Using untargeted metabolomic analysis of HMGCLD patient plasma, 3MGC-A and 3H3MG-A were found among the most discriminating metabolites between patient and control group. Subsequent LC-MS/MS analysis of DBS samples from HMGCLD patients and controls was used to determine the physiological concentration range of 3MGC-A (4.1 ± 2.5 μM), 3H3MG-A (1.2 ± 0.2 μM), 3HIV-A (9.5 ± 2.1 μM), and 3HIV-C (1.3 ± 1.0 μM) in blood spots of newborns and show significantly increased pathological levels of these metabolites in HMGCLD patients. It is worth noticing that elevations of proposed diagnostic metabolites in newborn patient 4 (although milder than in the other three symptomatic patients) are approximately one order of magnitude higher than the highest value in controls.

In conclusion, our results provide a tool for expanded NBS of HMGCLD using tandem mass spectrometry. The SRM transition 262/85 could be used in a first-tier NBS analysis to screen for elevated 3HIV-C. In a positive case, a second-tier analysis of 3H3MG-A and 3MGC-A using an LC-MS/MS instrument may confirm the diagnosis. Given the rarity of the diseases a larger study is warranted to prove the practicality of this approach and to develop an optimal screening algorithm for HMGCLD. The methodology used in the article could be repeated for others disorders characterized by the elevated C5OH, leading to more diagnostically precise second tier tests that would facilitate timely diagnosis in the blood spot. Authors are looking for collaboration in this respect.

The authors would like to express their gratitude to Prof Dr Jörn O. Sass for his contribution to this manuscript. The authors confirm independence from the sponsors; the content of the article has not been influenced by the sponsors.

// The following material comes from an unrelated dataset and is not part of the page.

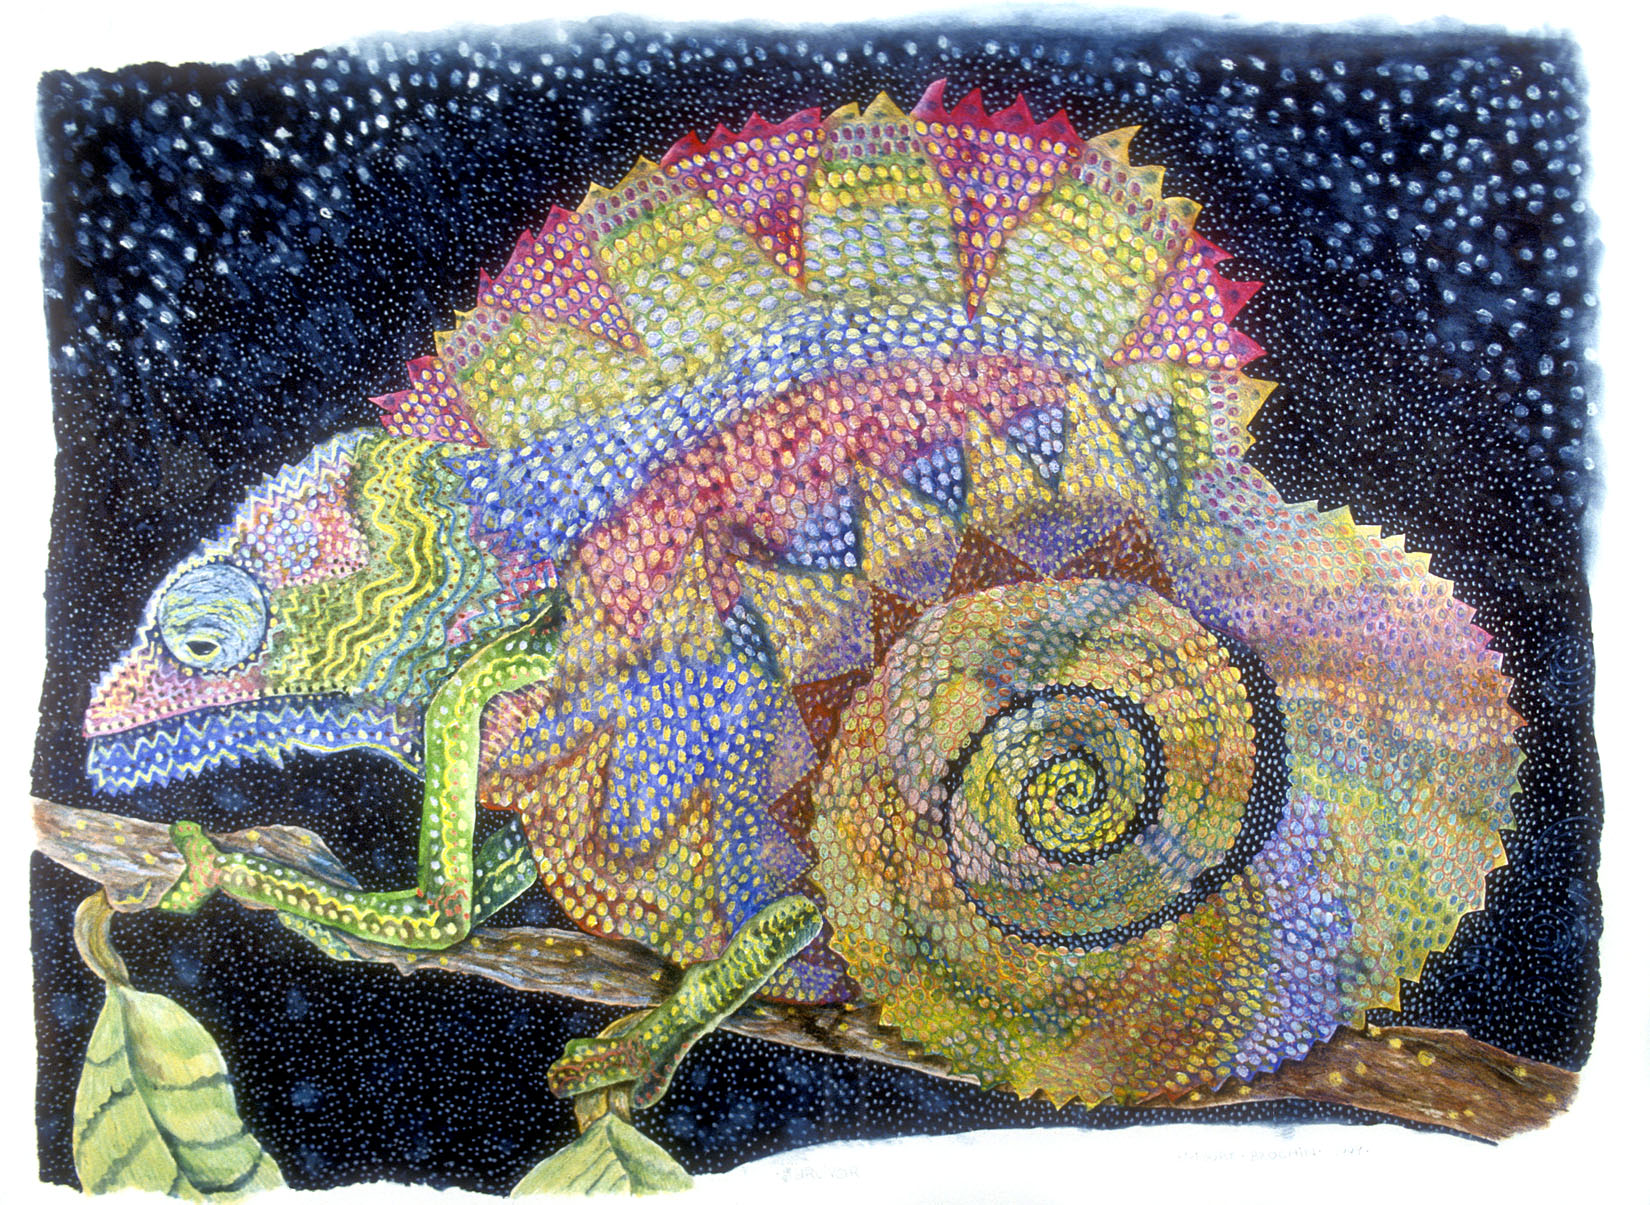 Passion (chameleon)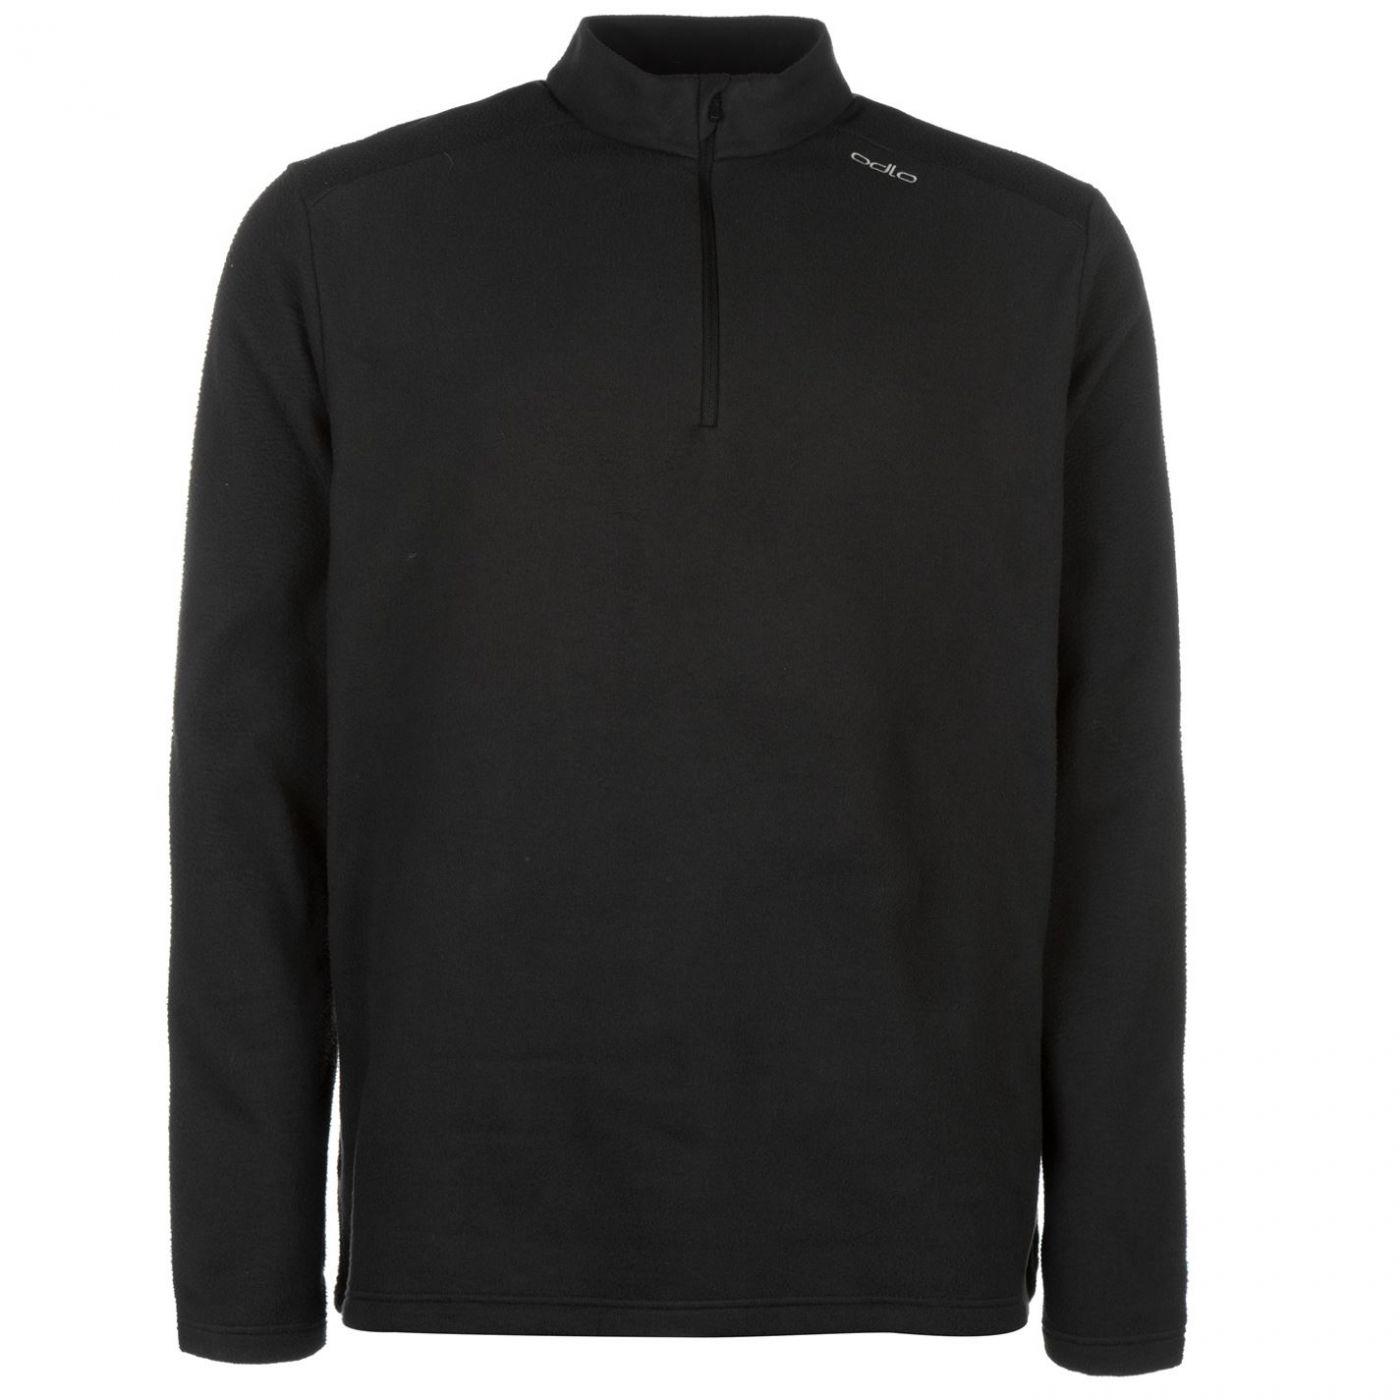 Odlo Orsino Half Zip Fleece Mens

The authors declare no conflicts of interest.

All procedures followed were in accordance with the ethical standards of the responsible committee on human experimentation (institutional and national) and with the Helsinki Declaration of 1975, as revised in 2000. All patient and control samples were pseudonymized in the study. This article does not contain any studies with animal subjects performed by any of the authors.